Ignoring for the moment the pressing question of why any individual would actually need a supercomputer, I prefer to revel in the fact that it is even possible to have one. We live at a time when processor and memory prices are at historic lows allowing enormous amounts of computing power to be accumulated in the back bedrooms of houses like mine. The minute I realized that I could have a supercomputer, I had to have one. But would Santa come through? Given all the poor children in the world far more deserving of gifts, I decided to take the obligation from Santa's shoulders and build the supercomputer myself.

Building a supercomputer these days is pretty much a matter of throwing a lot of processors and memory into a big box or boxes, then finding some cheap clustering OS (usually Linux) to make it all work together. My role model in this venture is KLAT2, the Kentucky Linux Athlon Testbed 2, which in a recent ranking came up as the 200th most powerful supercomputer on the planet. I love the idea of a supercomputer from Kentucky, but I love even more the clever design of KLAT2, which is a cluster of 64 PCs each running a 700-MHz Athlon processor for a total of more than 64 gigaflops of number-crunching power. Built by University of Kentucky graduate students led by professor Hank Dietz, KLAT2 cost only $41,000, which is cheap for a supercomputer.

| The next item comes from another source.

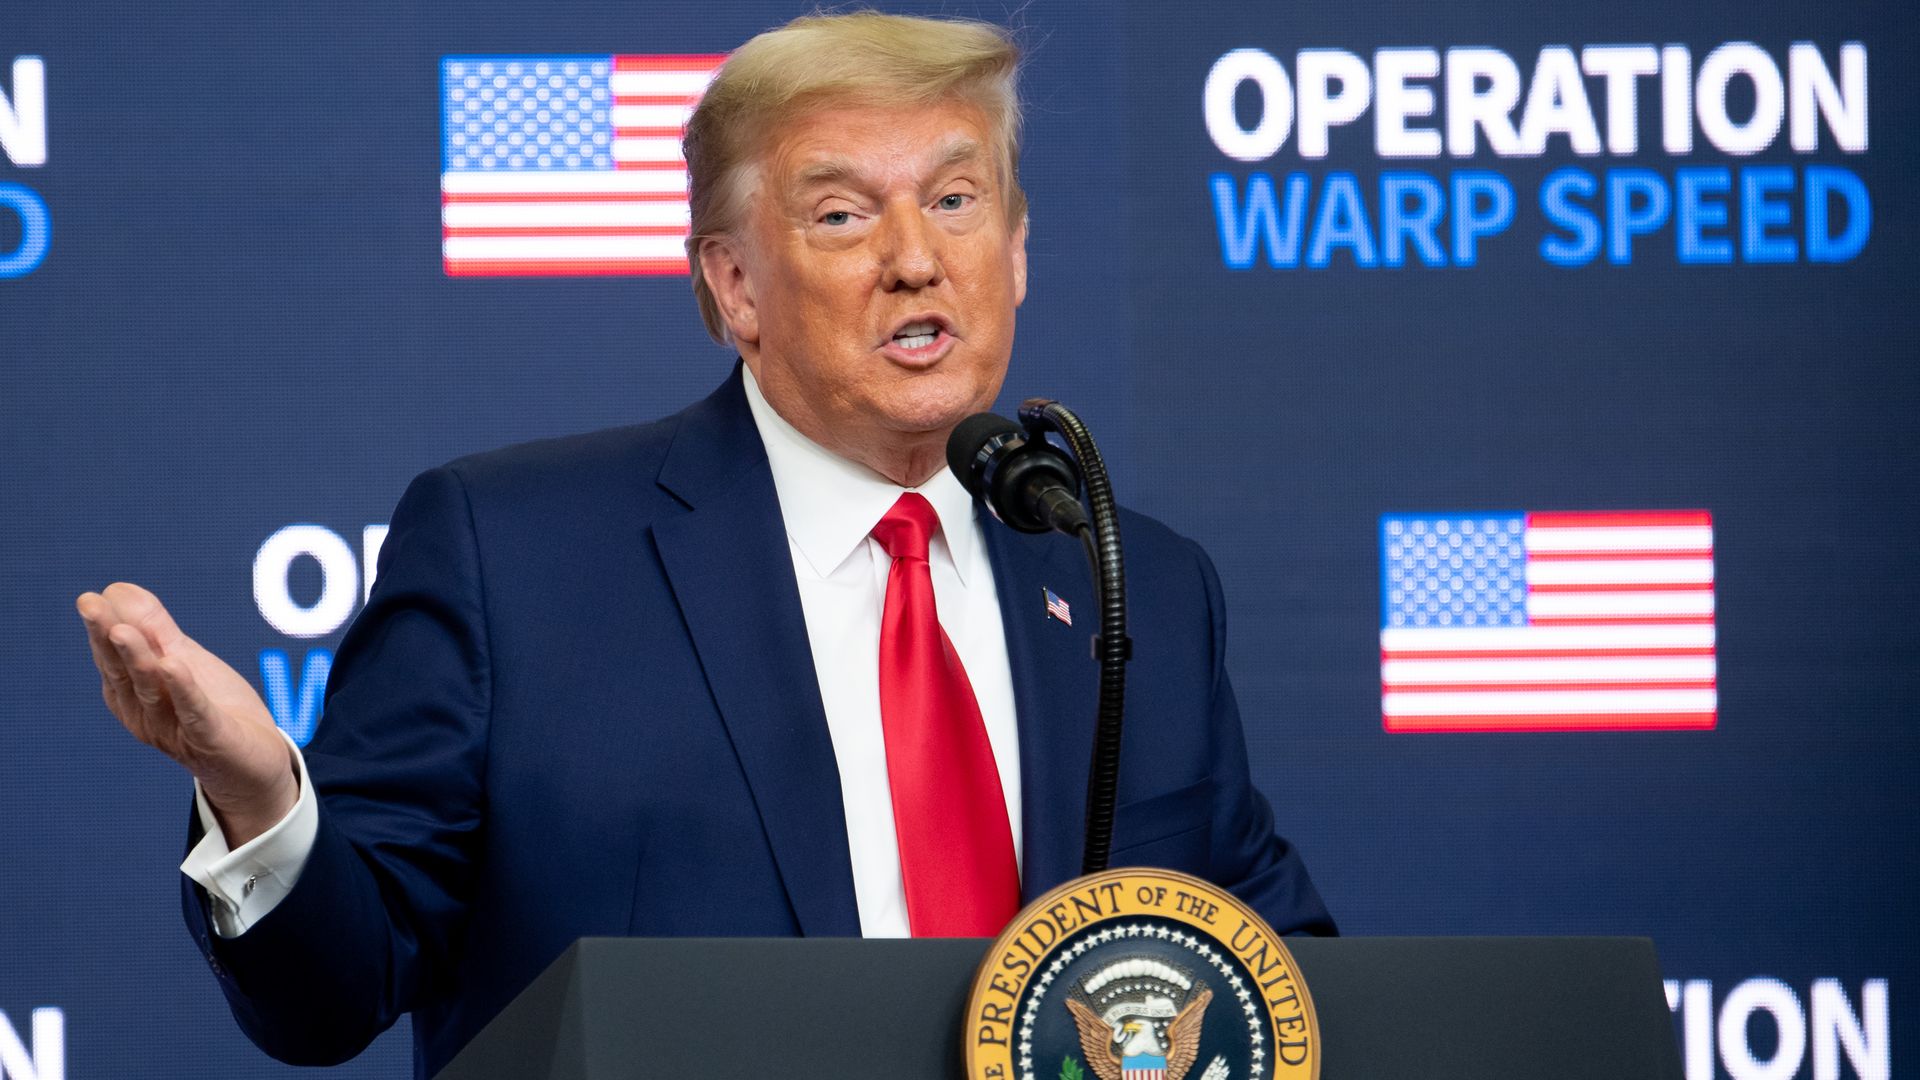 President Donald Trump speaks during the Operation Warp Speed Vaccine Summit in the Eisenhower Executive Office Building adjacent to the White House

What's so clever about KLAT2 is the way the 64 separate PCs are linked together. This is the real bottleneck in building a high performance computer at low cost. Processors are cheap, memory is cheap, disk storage is cheap, but networking -- at least really fast networking -- is still expensive. To build a network capable of keeping up with those 64 Athlons, the obvious choice would have been to use gigabit Ethernet adapter cards. But gigabit Ethernet cards are expensive, and at the time would have cost more than the PCs in which they were installed. There had to be a cheaper way of connecting all those PCs together.

So Dietz came up with a whole new network topology that allows cheaper, slower network cards to perform as well or better than gigabit Ethernet. The solution was to put more cheap Ethernet cards in each PC, and then use "channel bonding" to make them all look like a single faster card. Dietz put four 100 megabit-per-second fast Ethernet cards in each PC. Each card has only one tenth the speed of a gigabit card, but not even gigabit Ethernet cards actually carry a billion bits per second. With channel bonding, it turns out that even using three cheap network cards per PC allows greater throughput than a single gigabit card. And fast Ethernet (10base-100) costs about three percent of gigabit Ethernet on a per-card basis, so using four cards per PC still saves 88 percent.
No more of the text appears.